F. Calastrini et al. investigated a dust event in the central-western Mediterranean by the synergistic use of meteorological and aerosol optical depth observations. Mainly, they highlight the importance of models to better distinguish dust outbreaks that transport aerosol above the boundary layer and do not impact ground level from those causing regional deposition. They suggest an ad hoc model along with chemical and physical analysis to measure the concentration of soil-related elements and to quantify the contribution of dust particles to PM10.
F. Thevenon et al. examined the Saharan source regions and transport pathways of dust plumes that affect the high-altitude Alpine stations as well as the deposition of dust on Alpine glaciers using radiogenic isotope signatures and backward trajectory analysis.

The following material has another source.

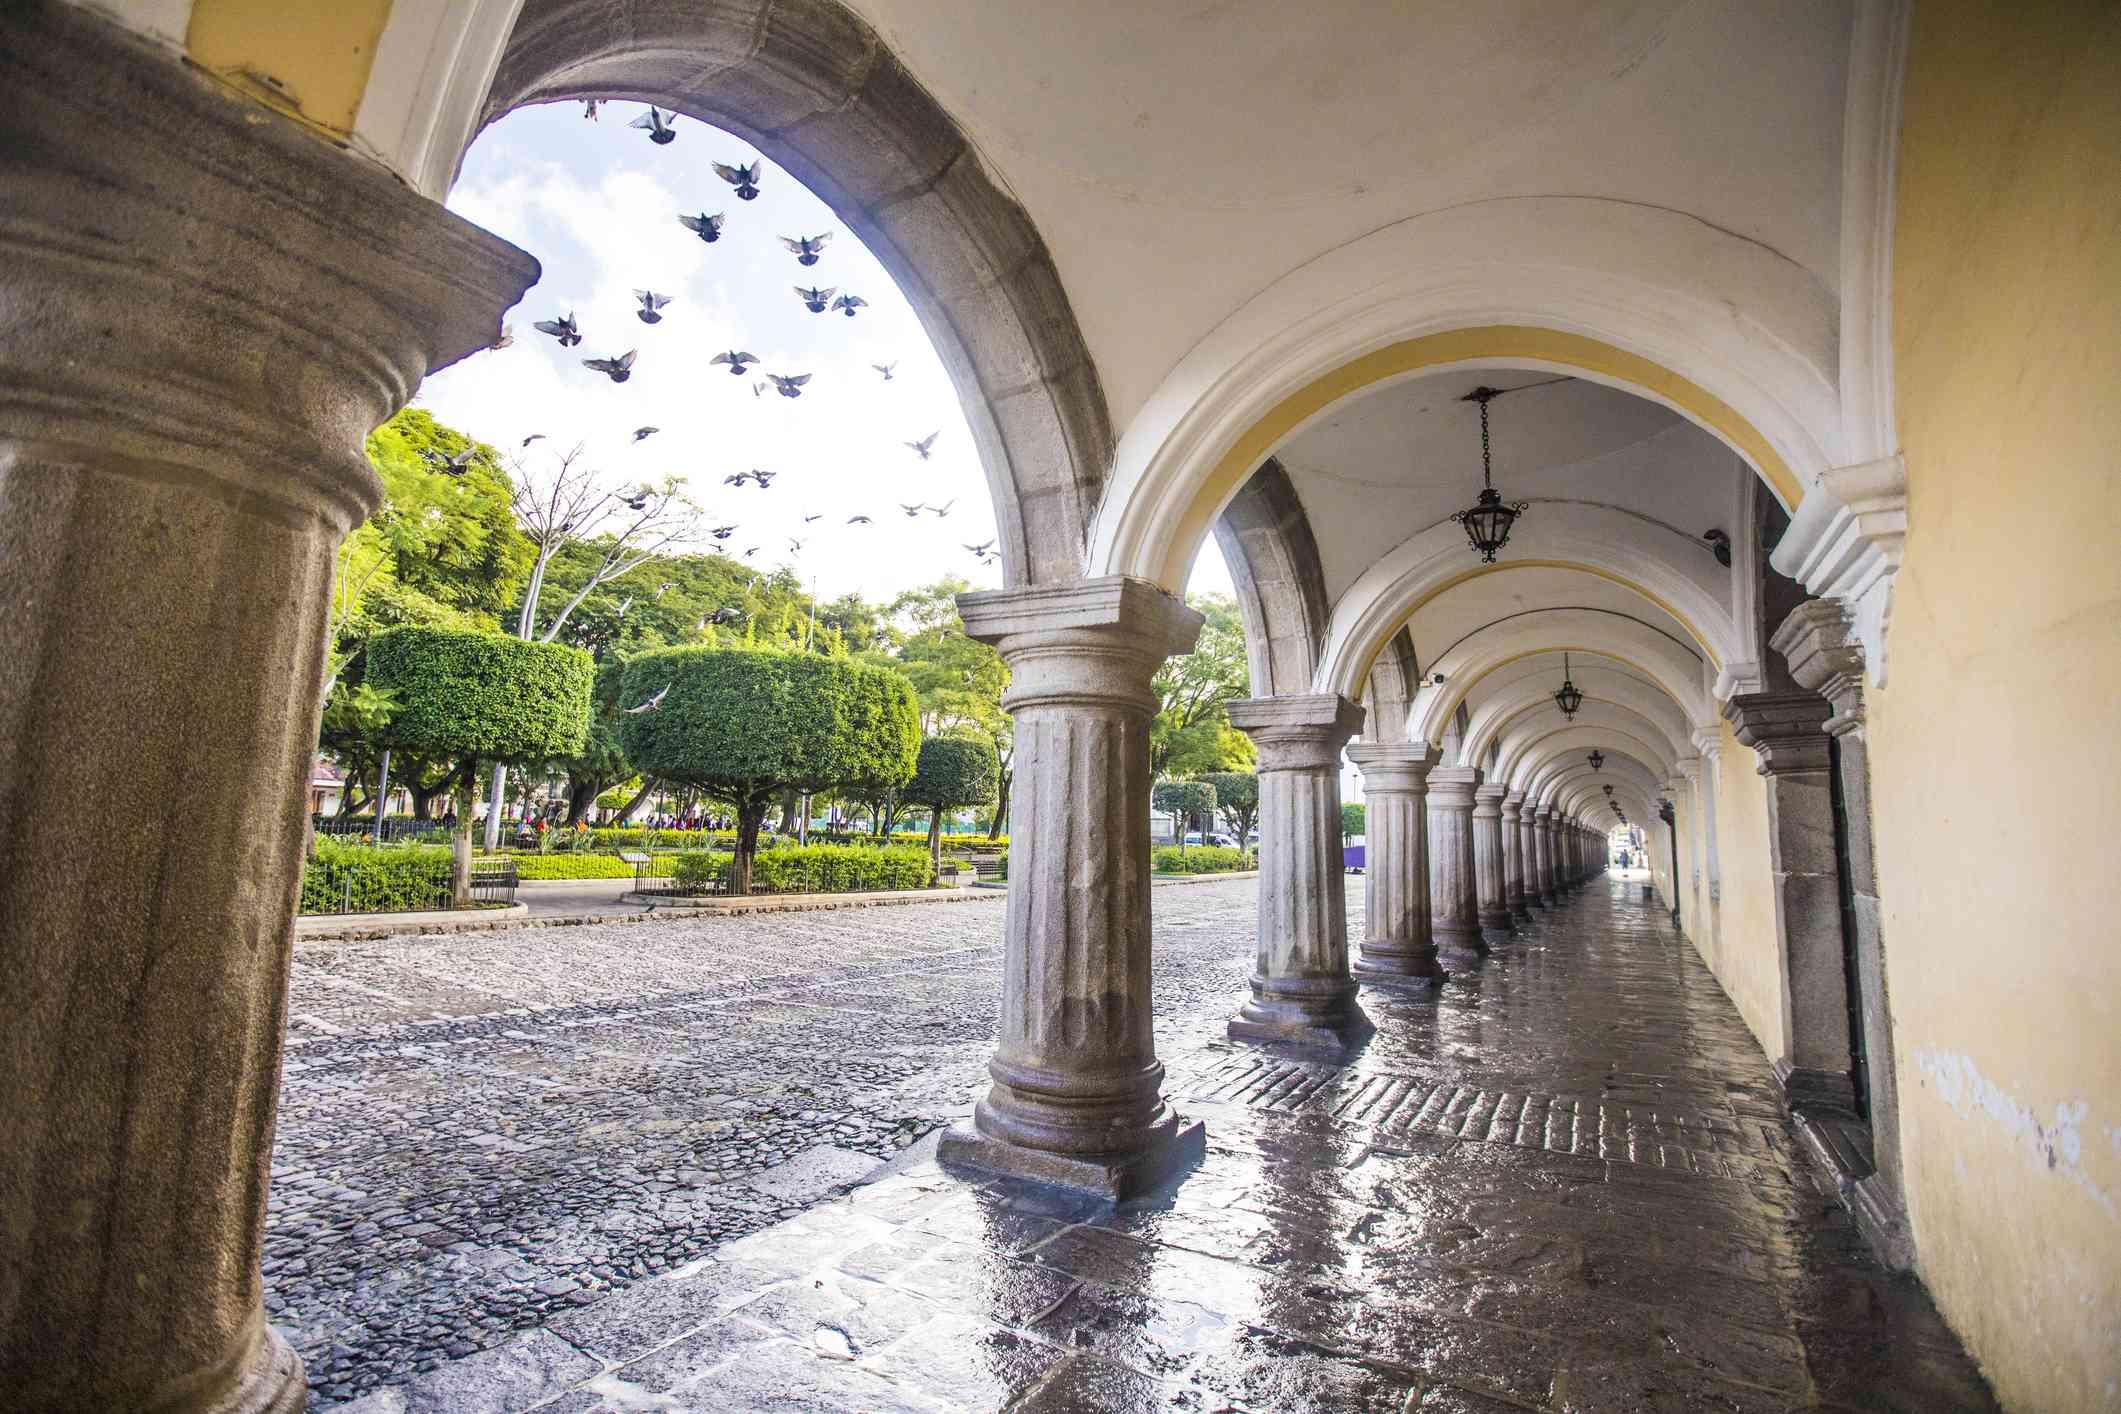 Archways in a hacienda-style building.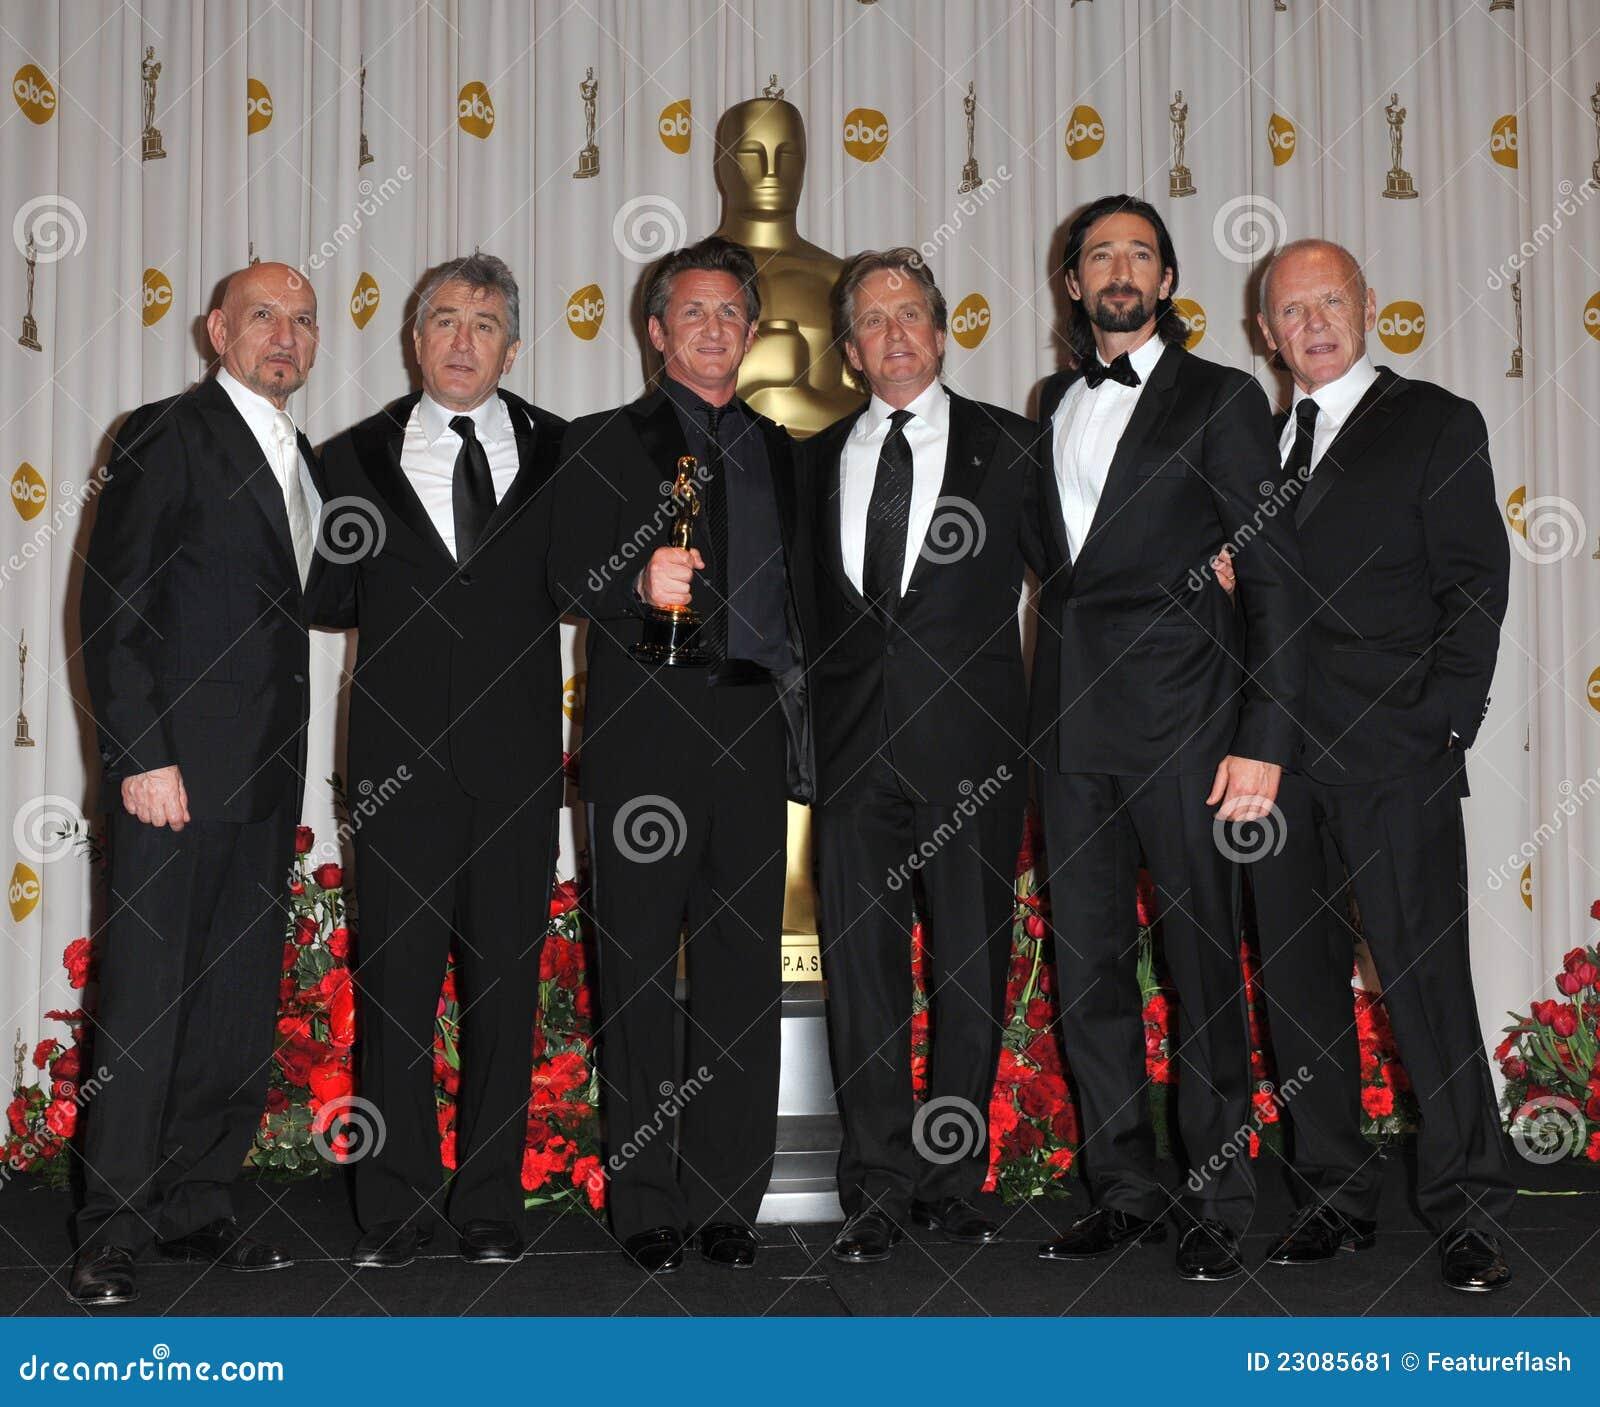 Adrien Anthony Ben brody De Douglas hopkins kingsley Michael Niro penn Robert Sean

The radiative forcing at the surface, top-of-atmosphere, and within the atmosphere caused by dust events was investigated over Patiala, northwestern India by D. Sharma et al. For this analysis, they used ground-based sun photometer and satellite-retrieved aerosol optical properties along with OPAC and SBDART models for the simulation of aerosol spectral optical properties and estimation of radiative forcing, respectively. They found that the dust events cause pronounced cooling at the surface and heating of the lower and middle troposphere, which may significantly influence regional climate, melting Himalayan glaciers and redistributing monsoonal rainfall.
The horizontal and vertical dynamical structure of Saharan dust was analyzed with a combination of satellite and ground-based observations as well as model (WRF-Chem) simulations (C. Cavazos-Guerra and M. C. Todd). The comparison between observations and WRF-Chem simulations highlighted the model efficiency at simulating the spatial and 3D structure of dust transport over the Sahara and Sahel, suggesting that accurate forecasting of dust events associated with synoptic scale events is possible when dust emission parameterization is suitably calibrated.
The work of X. Xi and I. N. Sokolik examines the impact of Asian dust on vegetation over dryland ecosystems by altering the photosynthetically active radiation (PAR) as well as shortwave and longwave radiation components. They also analyzed the radiative forcing efficiency of dust in the surface radiative balance.
I. Takemi examined the representations of shallow and deep convection under two distinct stability conditions over the Gobi desert using numerical outputs from large-eddy simulations. The results suggest that the adequate representations of shallow and deep convection are critically important in simulating the transport of dust aerosols under convective conditions.
D. Ackerley et al. have attempted to identify the differences arising in the representation of dust in a General Circulation Model (GCM) using two separate uplift schemes (CLIM and DEAD) over the globe. The study also allows a comparison between the dust uplift schemes without the added complexity of having several different transport and deposition models and helps explain how each uplift model responds to the simulated GCM. The dust simulation is particularly sensitive to (a) the dust-uplift parameterization scheme, (b) the representation of surface soil characteristics, and (c) the surface wind speed.
Finally, Mona et al. reviewed the use of lidar (light detection and ranging) techniques for the detection of optical properties as well as for the vertical distribution of dust. They highlight the benefits of lidar for the spatio-temporal monitoring of dust aerosol properties at various altitudes in the atmosphere, specifically, the intrusion into the planetary boundary layer and the mixing processes within the atmosphere. This review summarizes most of the information about desert dust collected to date using lidar techniques, and discusses the synergy of lidar with other remote sensing and in situ techniques.